Given information:
^^^^^^^^
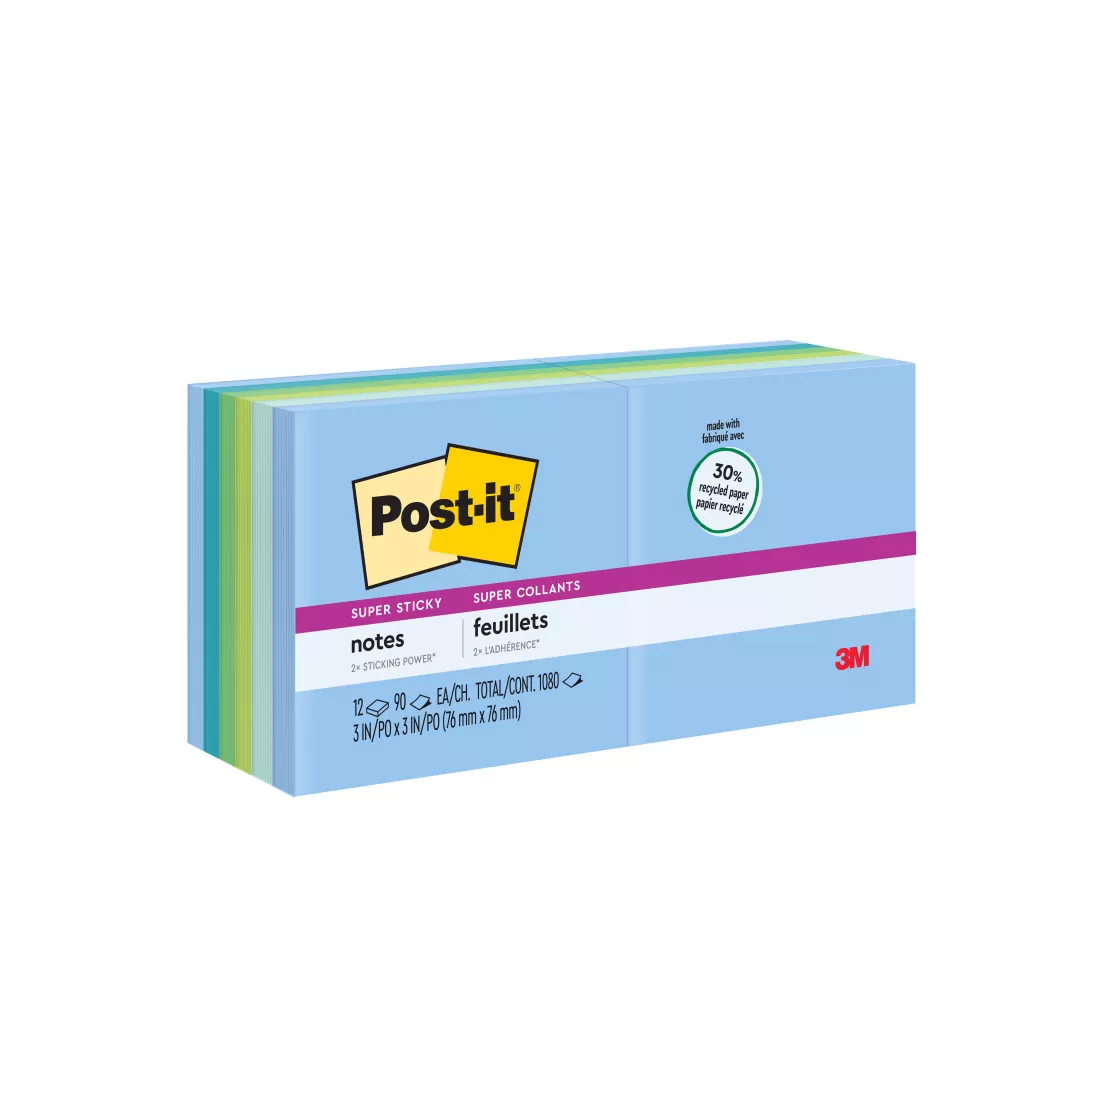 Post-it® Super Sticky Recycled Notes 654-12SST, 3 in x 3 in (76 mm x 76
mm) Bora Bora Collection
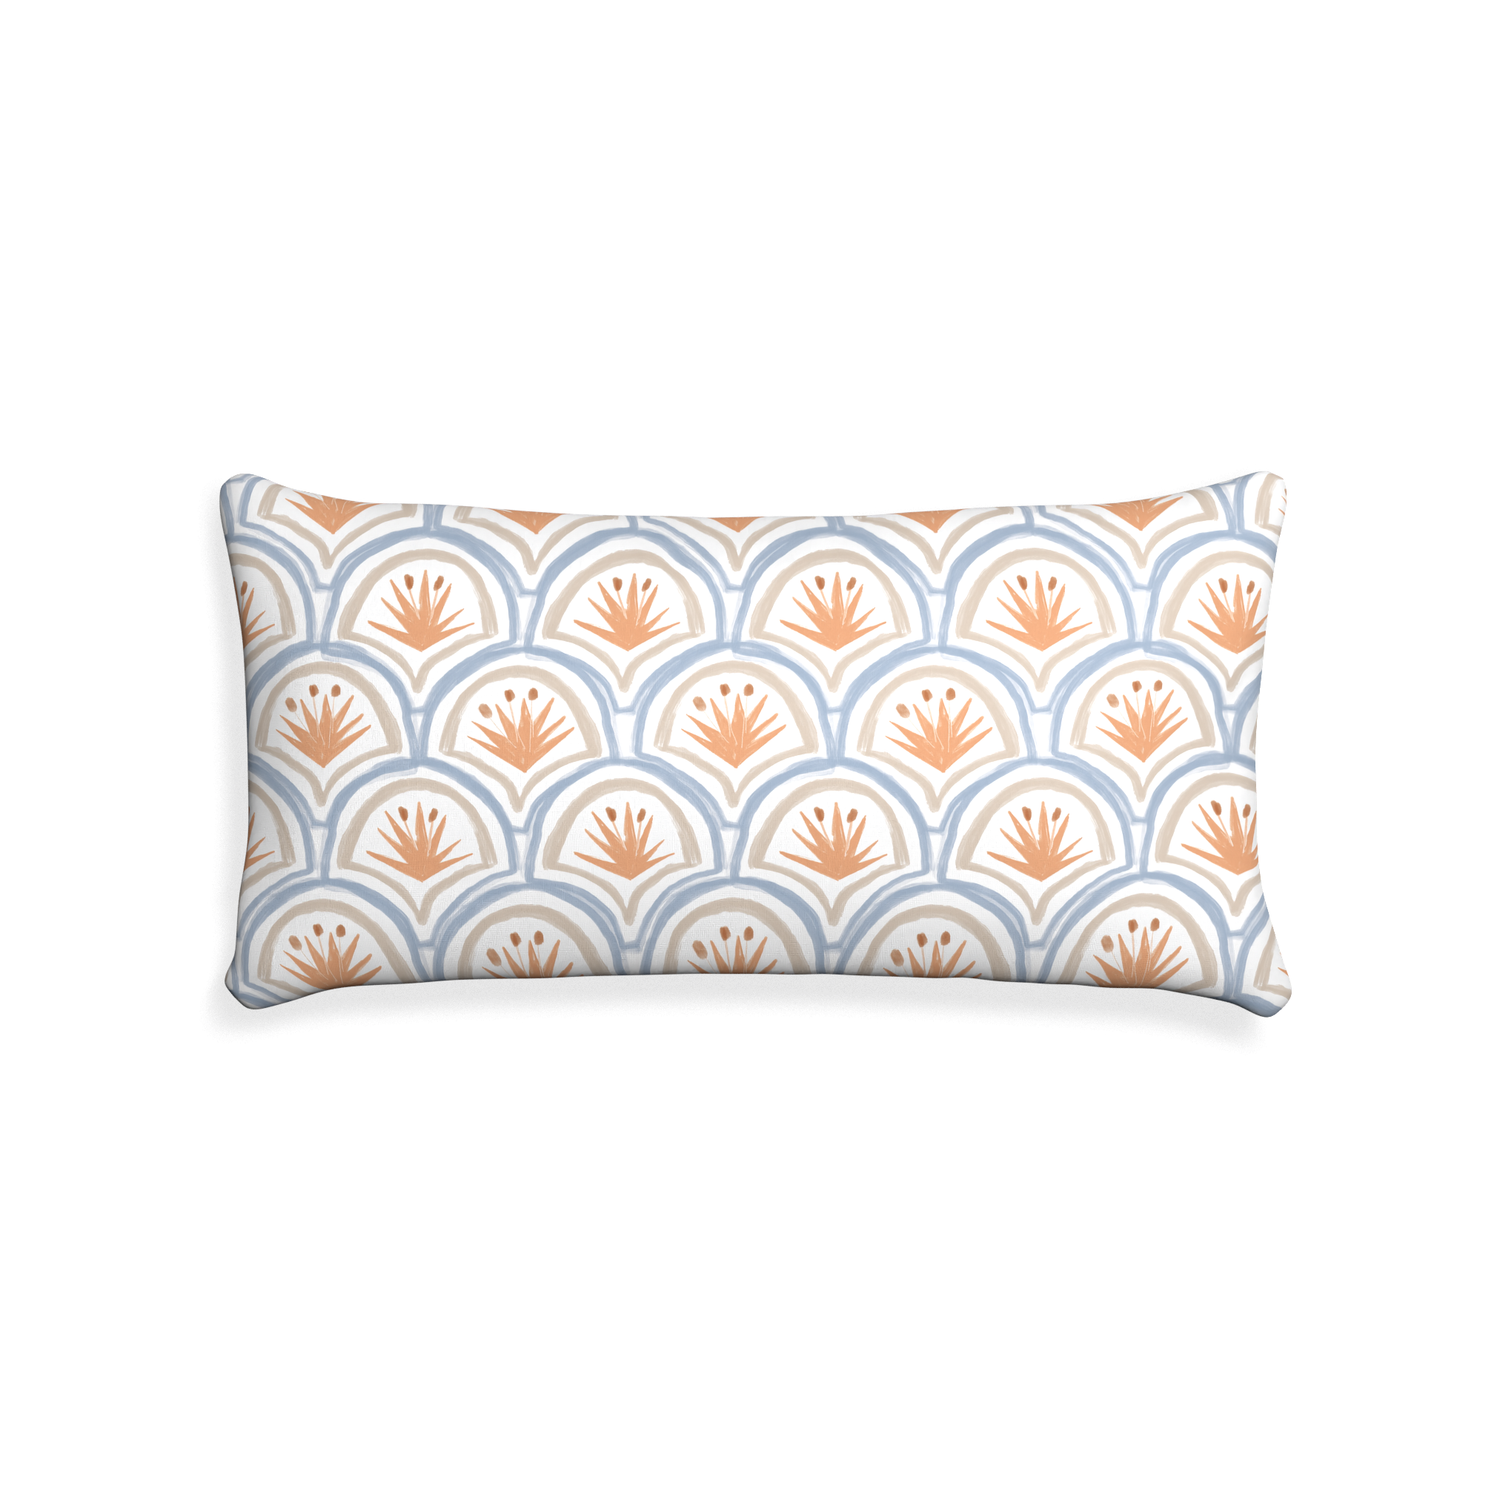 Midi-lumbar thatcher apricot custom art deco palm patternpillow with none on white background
^^^^^^^^
Assignment:
In your copy of the material, match every word exactly and include no pictures.

Answer space:
 Post-it® Super Sticky Recycled Notes 654-12SST, 3 in x 3 in (76 mm x 76
mm) Bora Bora Collection
 Midi-lumbar thatcher apricot custom art deco palm patternpillow with none on white background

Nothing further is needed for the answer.